We then reach the film’s one absolute dud, Limit Cycle, which basically just involves a sub-Tyler Durden prognosticator waxing juvenilia about life and god and whatnot while the screen assaults you with a variety of flashing neon colors. It’s essentially the Ludovico technique applied to pseudo-philosophy, and framed in that light, it has indeed convinced me to never again sit and listen to a stoned midwit articulate his shower thoughts.

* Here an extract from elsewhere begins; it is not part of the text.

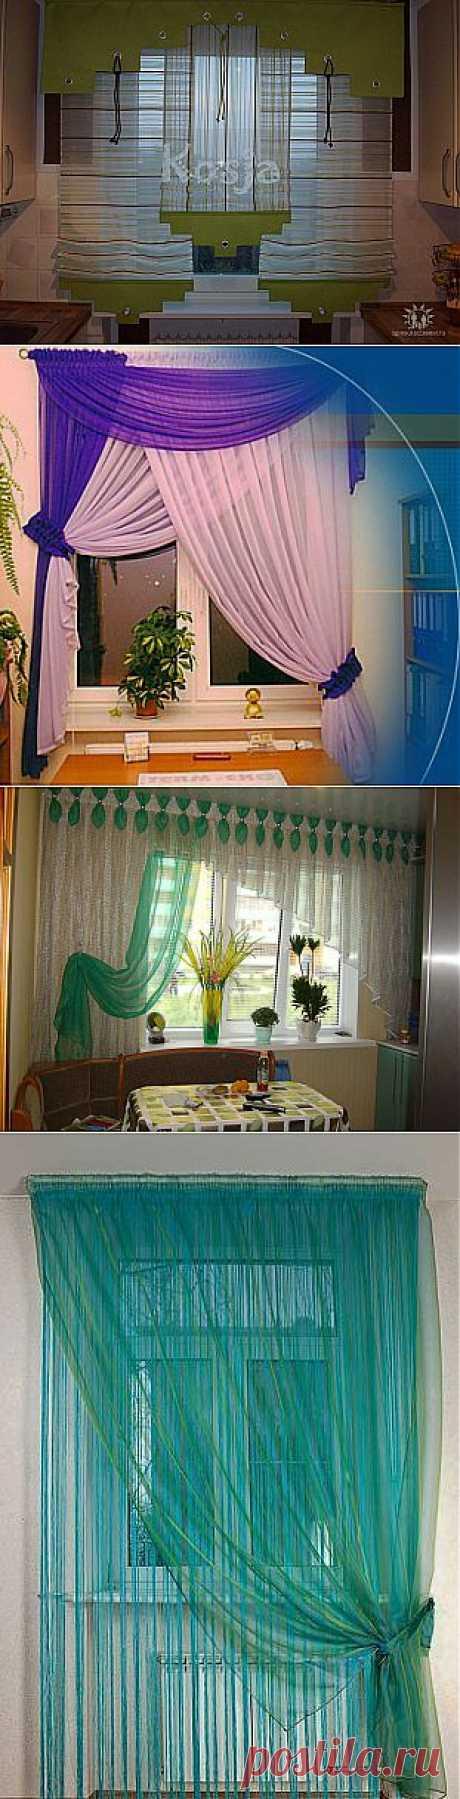 Короткие шторы:для бюро или кухни. Куча вариантов..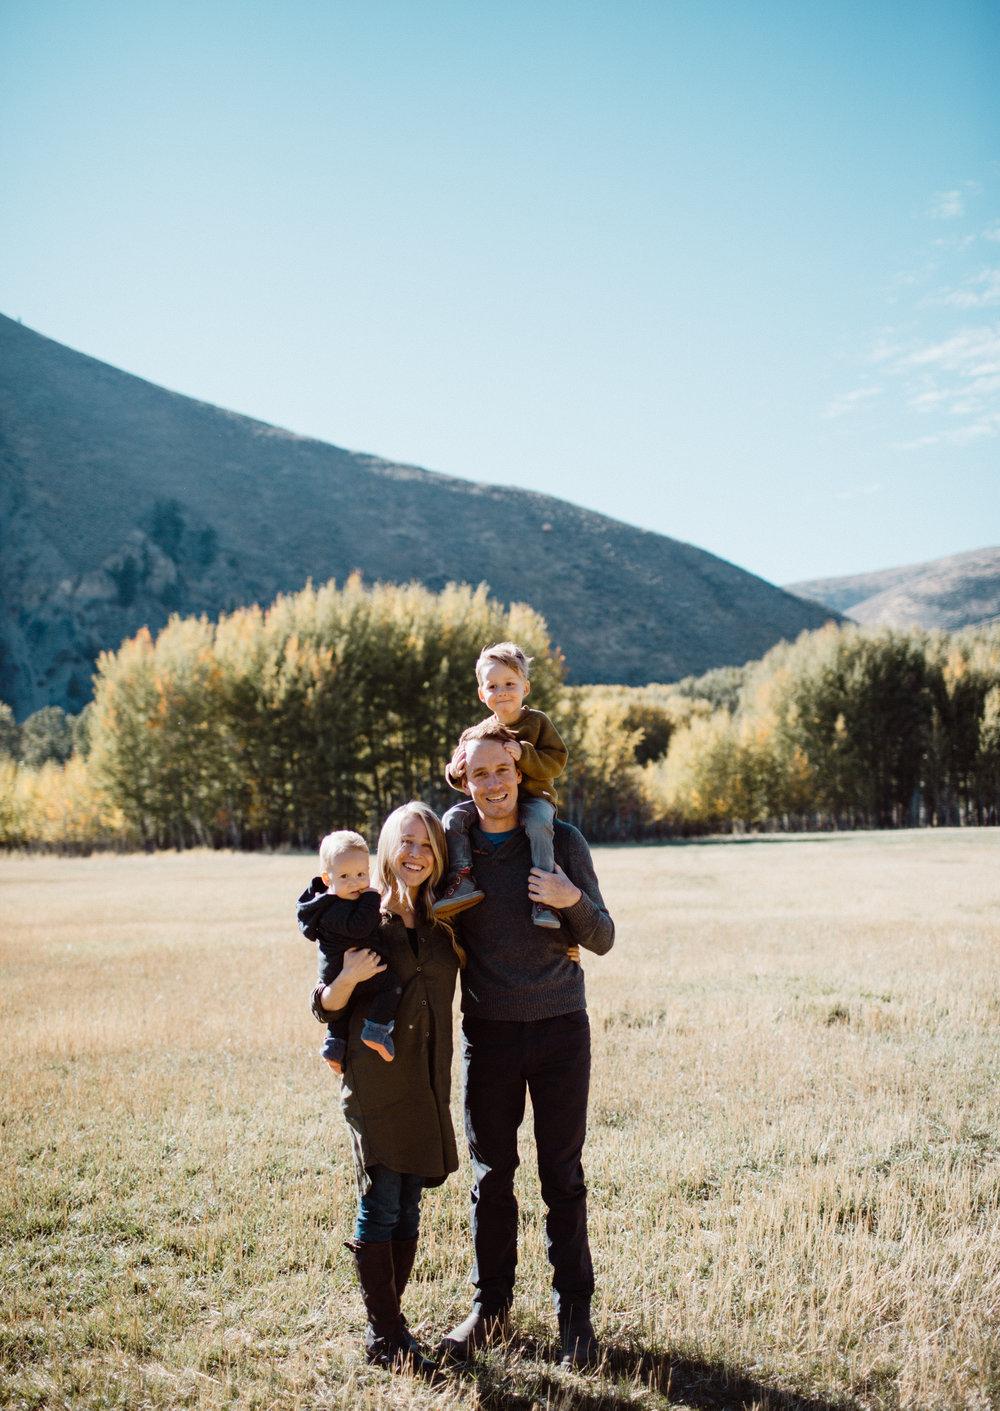 walkerfamily-Sunvalleyfallfamilyphotos-3.jpg

Fortunately, the film rallies magnificently with its last two segments, directed by Yuasa and Watanabe in turn. Yuasa’s Happy Machine neatly embodies his various interests, largely concerning a toddler whose “happy machine” nursery breaks down, forcing him to find meaning and sustenance in the outside world. The result feels much like an early Kaiba episode, combining wildly playful animation with a sobering philosophical question, and through doing so calling into question the ultimate value and meaning of our lives. That’s Yuasa for you!
We then conclude on Watanabe’s Baby Blue, which follows two childhood friends who drifted apart in high school, reuniting for one flourish of rebellion as they skip class and head for the beach. The sequence is poignant and well-observed, a repeated blues standard that rises to anthemic crescendos of adolescent longing, and clearly echoing both the Born to Run-esque hopelessness of Terror in Resonance and the understanding of youthful impermanence embodied by Kids on the Slope.
So yeah, opens with Kawamori’s scifi thrills, closes with Yuasa and Watanabe’s personal reflections, and decks out its interior with compelling artifacts by Kimura and Fukuyama. All of that makes for a truly outstanding animation anthology, likely only rivaled by the unimpeachable Memories.